From: nmm1 on 21 Oct 2009 10:07
In article <O6idnYddX77NkkLXnZ2dnUVZ8sGdnZ2d(a)lyse.net>,
Terje Mathisen <Terje.Mathisen(a)tmsw.no> wrote:
>This one is just as obvious today as it was (at least to SF writers and
>readers) 30 years ago:
>Computers will write the code of future computers, we just need to pass
>the singularity where AI actually starts to match human intelligence.
> From that point on things will get very interesting, possibly in the
>chinese sense. :-)
>I still believe it is possible we will reach that singularity within my
>lifetime, we're not missing that many orders of magnitude now.
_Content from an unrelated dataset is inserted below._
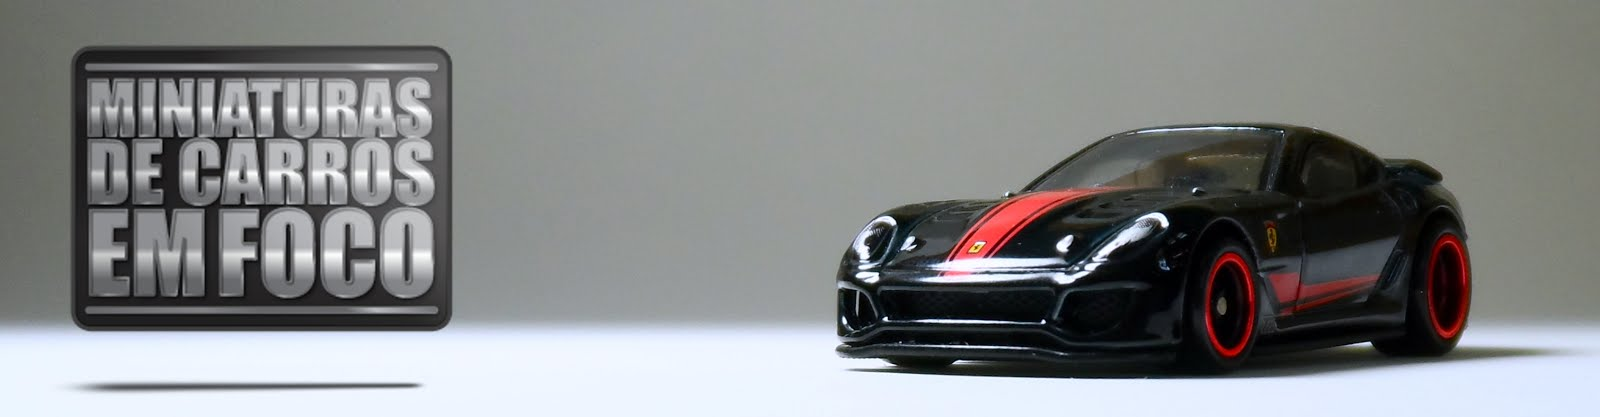 Miniaturas de Carros em Foco

Oh, Terje, you are slipping!
Firstly, that's not a singularity, as there is no reason to believe
in infinite expansion in a strictly finite time. And Vinge should
know better, too :-(
Secondly, the problem isn't capacity, but capability. We have had
both programs that write programs and self-adapting programs for
several decades. But we don't know how to design them so that they
can write programs more capable (roughly, 'more complex') than
themselves, or even AS capable but different. All we know is how
to design them to write simpler, but larger, programs.
From: "Andy "Krazy" Glew" on 21 Oct 2009 10:13
eternal september wrote:
> Hello all,
> "Andy "Krazy" Glew" <ag-news(a)patten-glew.net> wrote in message
>> I look forward to slowly, incrementally, increasing the scope of the
>> dataflow in OOO machines.
>> * Probably the next step is to make the window bigger, by
>> multilevel techniques.
> What is your favorite multilevel technique. I don't think I ever heard
> your opinion on HSW (Hierarchical Scheduling Windows
I'll reread the HSW papers and get back to comp.arch.
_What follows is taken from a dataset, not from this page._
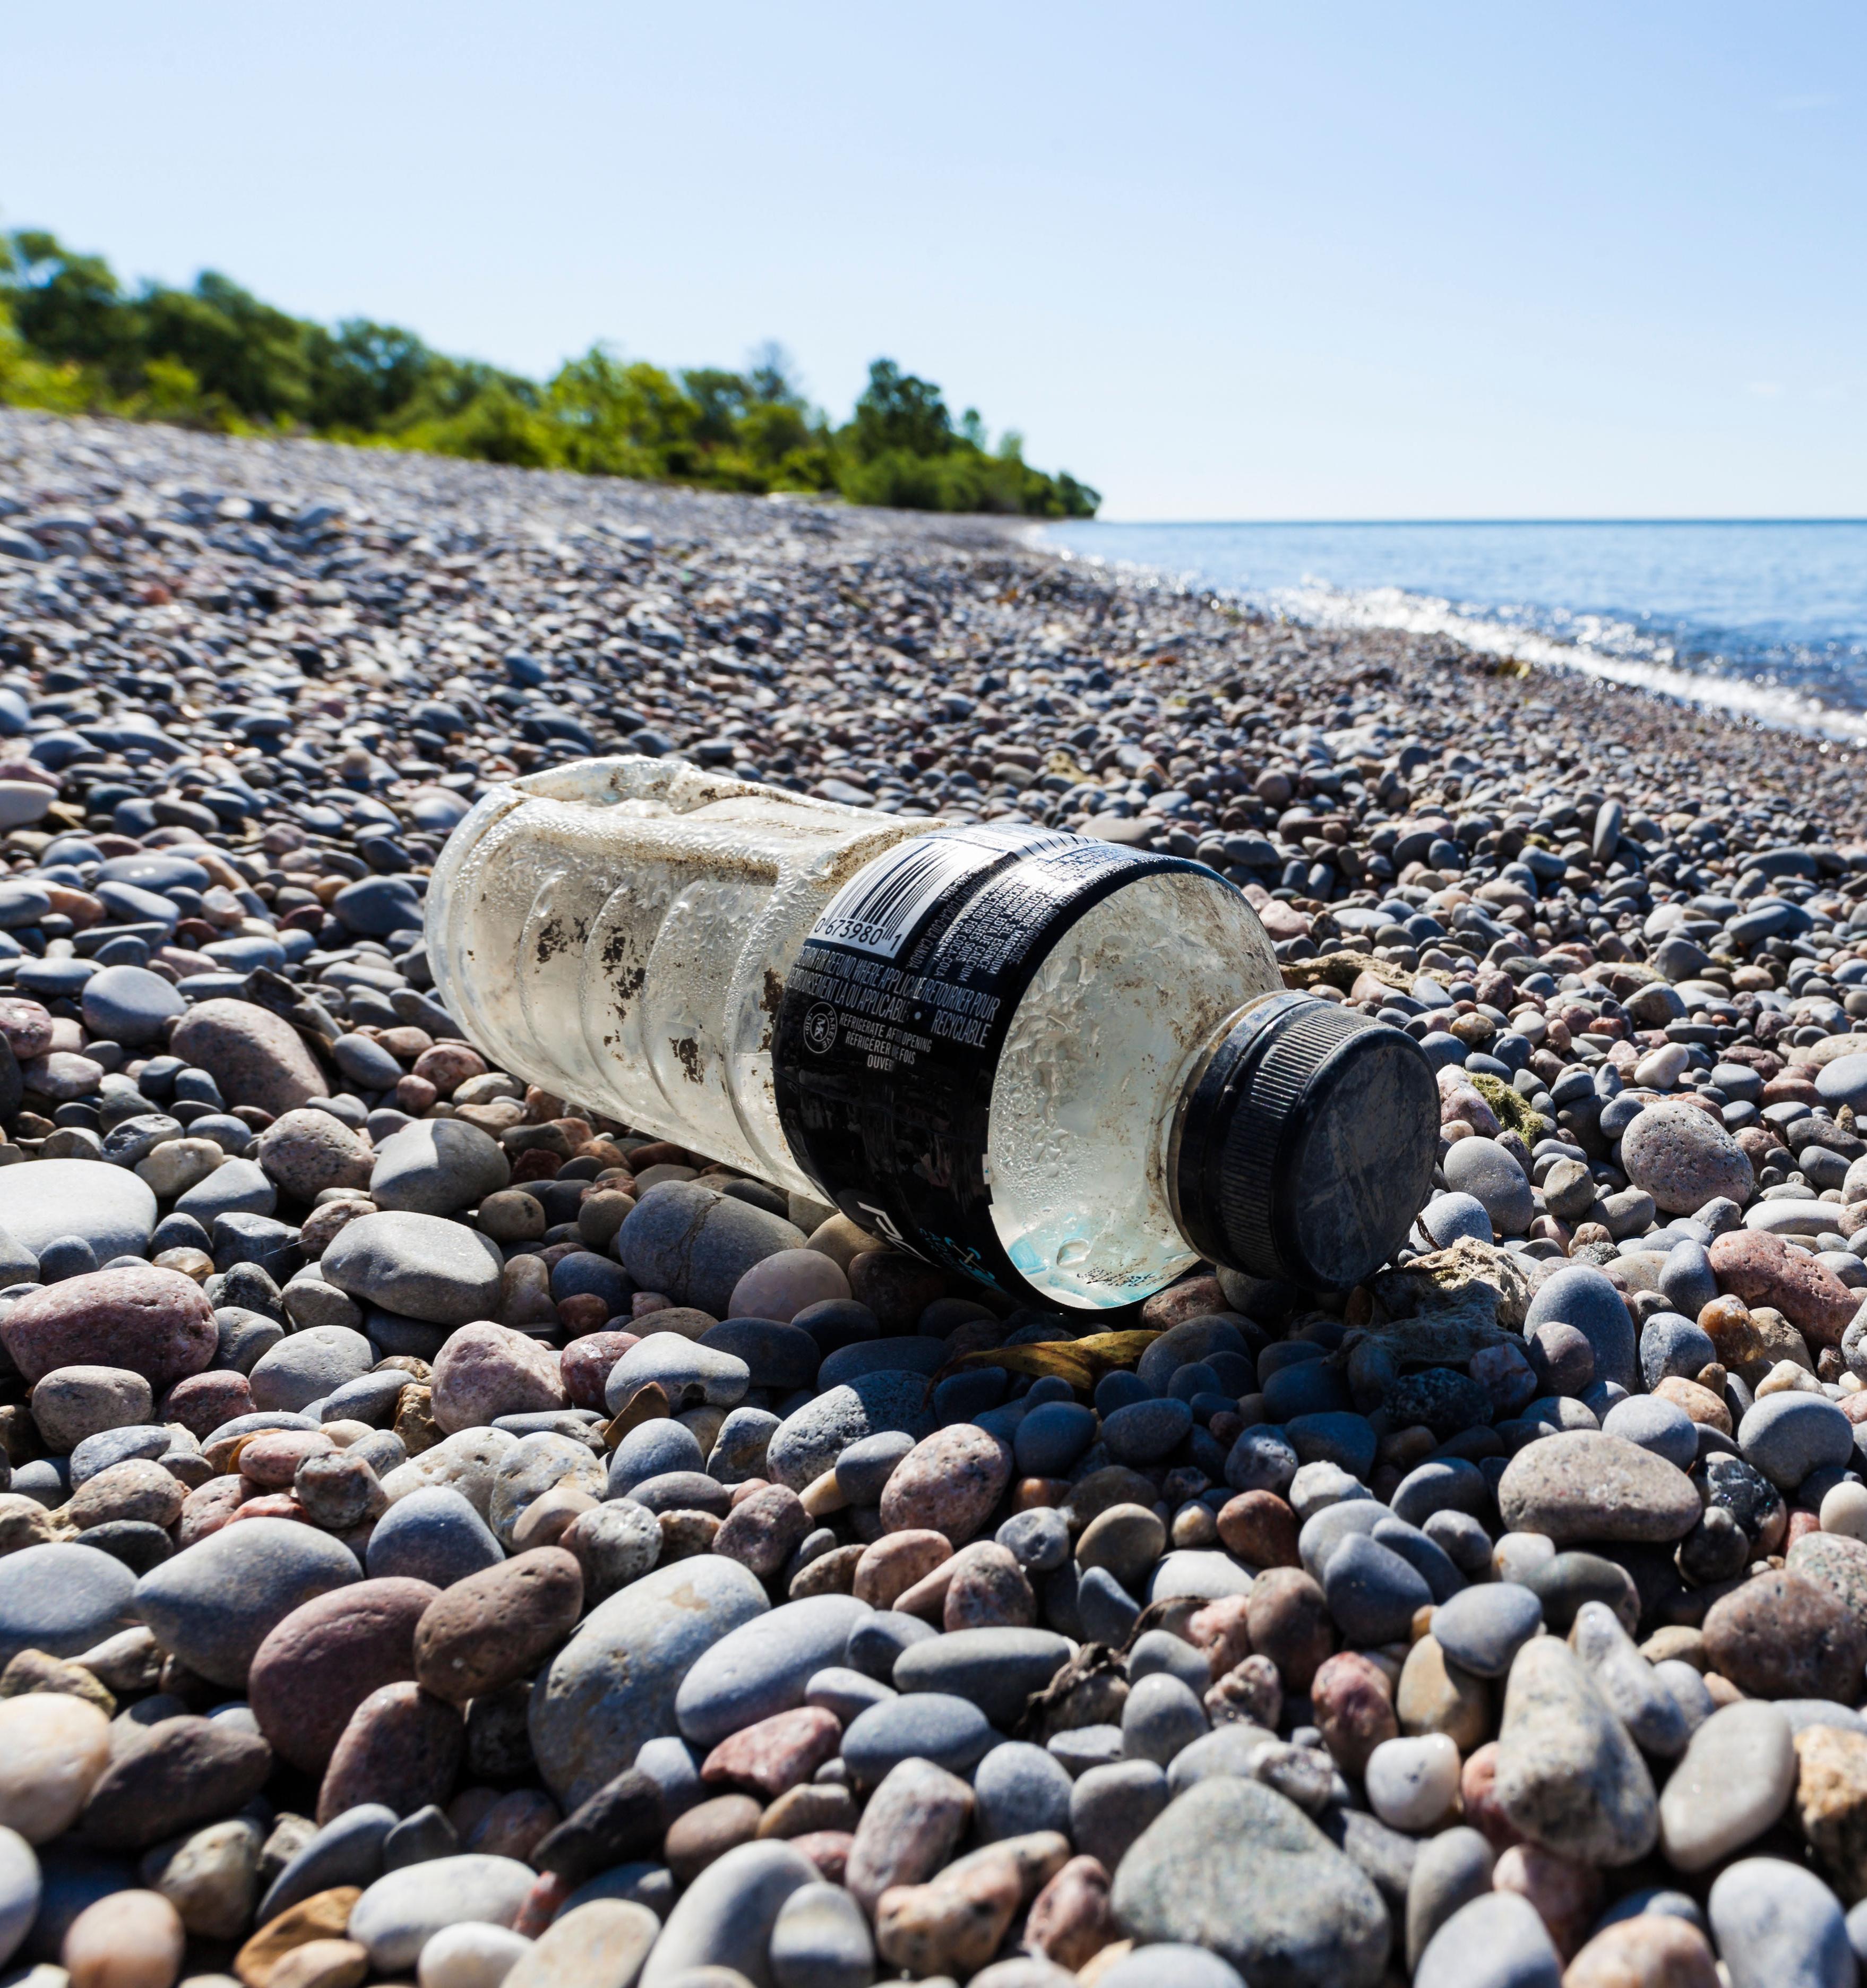 Канада планирует сократить количество отходов вдвое

In the meantime, you can get an idea of my favorite, dating back to
2004, when I was briefly "free", between leaving AMD and rejoining
Intel. Look for patents by me, that are not assigned to AMD or Intel.
Here, from my CV:
June 2004-August 30, 2004: Inventor, Oceanside, Oregon
The first time in years that my inventions have been owned by me, not my
employers, Intel or AMD
Formulated MultiStar, a multicluster/multithreaded microarchitecture
with multilevel everything: multilevel branch predictor, scheduler,
instruction window, store buffer, register file
Worked around and invented alternatives to proprietary (patented or
trade secret) technology
I.e. I violated no Intel or AMD I.P. This was all new stuff.
Invented solutions to several problems I had been trying to solve for
Even now (in 2009) it is still leading edge.
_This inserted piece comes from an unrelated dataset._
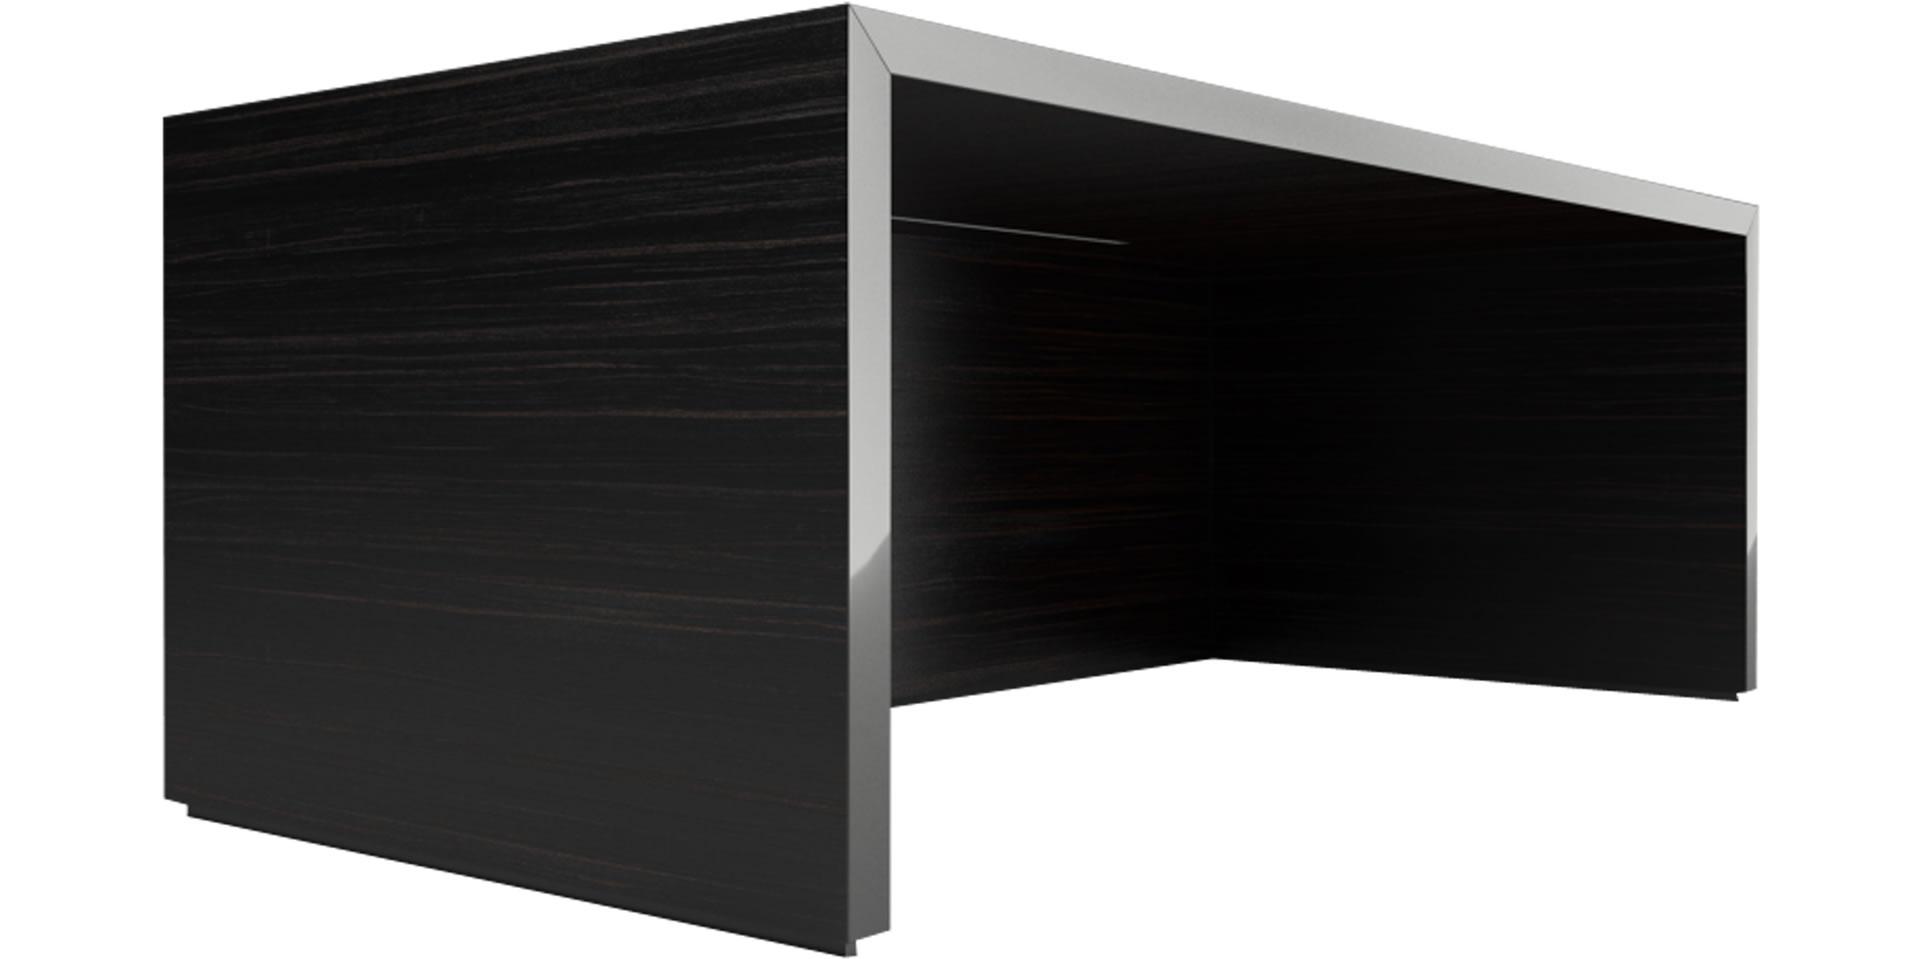 Schreibtisch holz dunkel  Schreibtisch REGERE online kaufen ▭ funktional Design-Tisch von ...

Patents applied for, with Centaurus Data LLC, include:
20080133893 HIERARCHICAL REGISTER FILE
20080133889 HIERARCHICAL INSTRUCTION SCHEDULER
20080133885 HIERARCHICAL MULTI-THREADING PROCESSOR
20080133883 HIERARCHICAL STORE BUFFER
20080133868 METHOD AND APPARATUS FOR SEGMENTED SEQUENTIAL STORAGE
Some of these patents (in application) have already been licensed by
Fortune 500 companies.
Did not make much progress on my book, apart from 70 pages of draft
I called this Multi-Star - a processor with Multi-level everything.
Of course I had to avoid Intel or AMD I.P. in multi-star, so I am not
always using the best known way to do things.
There are probably a few more patent applications and continuations. I
was obviously not able to work on this outside-Intel stuff when I was an
Intel employee. And Intel forbade me from working on OOO CPUs inside
Intel when I reminded them I had patents pending (which I had disclosed
to them when I was hired). I left Intel in part because I want to
continue work in these directions.
However, not so much free time at new job. At least now I am able to
talk about them on comp.arch. And I hope to summarize the key points
for comp.arch. Here's a hint: at least one of the ideas/inventions
pertaining to hierarchical instruction scheduling is, IMHO, one of the
best I have ever had.
Note: I'm not just an OOO bigot. I also have neat ideas about parallel
systems, MP, MIMD, Coherent Threading. But I am probably the most
aggressive OOO computer architect on Earth.
This is why I get frustrated when people say "OOO CPU design has run
into a wall, and can't improve: look at Intel and AMD's latest designs".
I know how to improve things - but I was not allowed to work on it at
Intel for the last 5 years. Now I can - in my copious free time.